• TASK DIRECTIONS
Repeat verbatim, and only, the lines of the data below, beginning at the line that contains "Close-up of people on itiwit kayak" and stopping after the line that contains "Floor plan of".

• DATA SHOWN
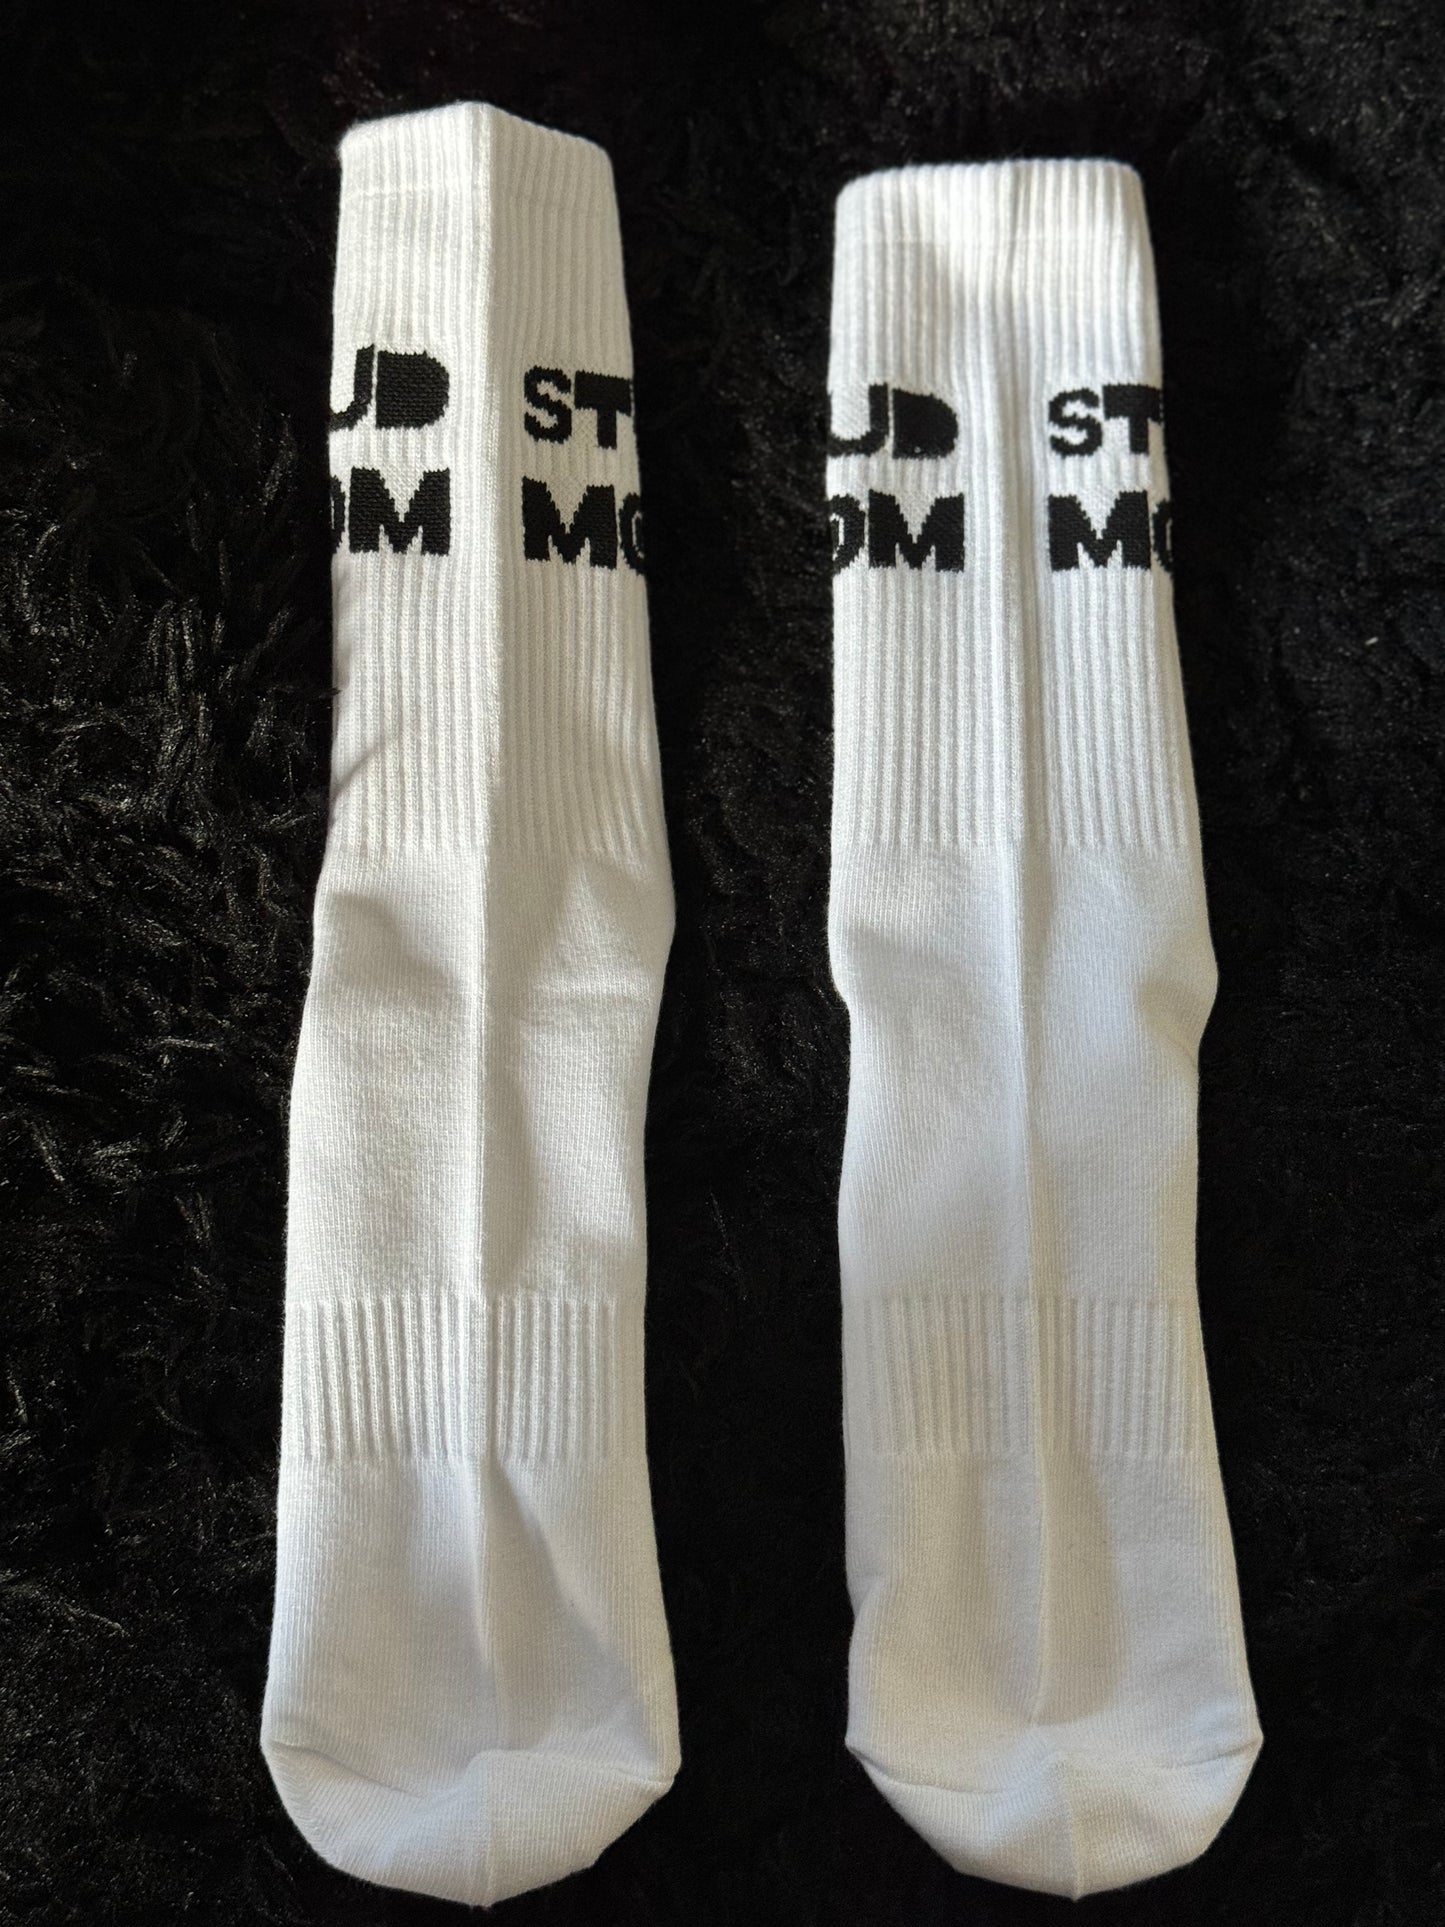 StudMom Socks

* * *

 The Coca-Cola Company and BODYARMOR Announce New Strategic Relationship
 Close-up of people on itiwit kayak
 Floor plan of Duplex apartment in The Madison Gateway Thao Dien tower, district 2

• RESULT
 Close-up of people on itiwit kayak
 Floor plan of Duplex apartment in The Madison Gateway Thao Dien tower, district 2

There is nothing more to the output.